Identity-Based Attacks: How Adversaries Bypass Security by Walking Through the Front Door
- Apr 21
- 3 min read
Key Findings
Stolen credentials remain the most reliable initial access vector for attackers, despite industry focus on zero-days and sophisticated exploits
Identity-based attacks are accelerating due to AI automation of credential testing, custom tooling development, and phishing sophistication
Traditional linear incident response models fail against real-world breaches that evolve and expand unpredictably
The Dynamic Approach to Incident Response (DAIR) uses iterative loops to adapt as new information emerges during investigations
Communication across teams is the single most critical factor in effective incident response
Organizations that defend well against identity-based attacks invested in team training and hands-on practice before incidents occurred
Background
The cybersecurity industry has spent years chasing headline-grabbing threats like zero-days, supply chain compromises, and AI-generated exploits. Meanwhile, attackers continue using the simplest approach: valid credentials. This pattern isn't new. The OPM breach showed how stolen credentials from a third-party contractor opened the entire government network. The method remains unchanged because it works reliably and looks unremarkable from a defender's perspective. A successful login from a legitimate credential doesn't trigger alarms the way a port scan or malware callback would. The attacker simply looks like an employee.
Once inside, the attacker dumps and cracks additional passwords, moves laterally across the environment, and expands their foothold. For ransomware crews, this progression leads to encryption and extortion within hours. For nation-state actors, the same entry point enables long-term persistence and intelligence gathering.
How AI Is Accelerating Existing Attack Patterns
The fundamental attack hasn't changed, but execution speed and sophistication have. AI is automating credential testing across larger target sets, enabling attackers to generate custom tooling faster, and crafting phishing emails that are materially harder to distinguish from legitimate communications. This acceleration creates problems for defenders already stretched thin. Breaches now unfold faster, spread further, and touch more of the environment — from identity systems to cloud infrastructure to endpoints. Incident response teams built for a slower operational tempo are struggling to keep pace with this new speed.
The Dynamic Approach to Incident Response
Traditional incident response treats the process as linear: prepare, identify, contain, eradicate, recover, debrief. The theory is sound, but real incidents don't follow straight lines. New data surfaces during containment that changes initial scope assumptions. Evidence collected during eradication reveals attacker tactics unknown during detection. Scope almost always grows rather than shrinks.

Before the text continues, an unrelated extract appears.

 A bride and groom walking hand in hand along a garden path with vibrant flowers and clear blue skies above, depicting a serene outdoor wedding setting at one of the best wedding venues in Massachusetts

DAIR accounts for this reality by using a loop rather than a line. After detecting and verifying an incident, response teams enter a cycle: scope the compromise, contain affected systems, eradicate the threat, and recover operations. That loop repeats as new information emerges.
Consider a credential-based compromise initially scoped to a single affected workstation. During containment, forensic analysis reveals a registry-based persistence mechanism. That finding sends the team back to scoping — now searching the entire enterprise for the same indicator across all systems. A confirmed attacker IP address uncovered during that sweep triggers another pass through containment and eradication. Each cycle produces better intelligence, which feeds the next round of response actions. The response keeps cycling until the team and organizational decision-makers determine the incident is fully addressed. This iterative approach treats the messy, unpredictable nature of real-world investigations as a feature of the process, not a deviation from it.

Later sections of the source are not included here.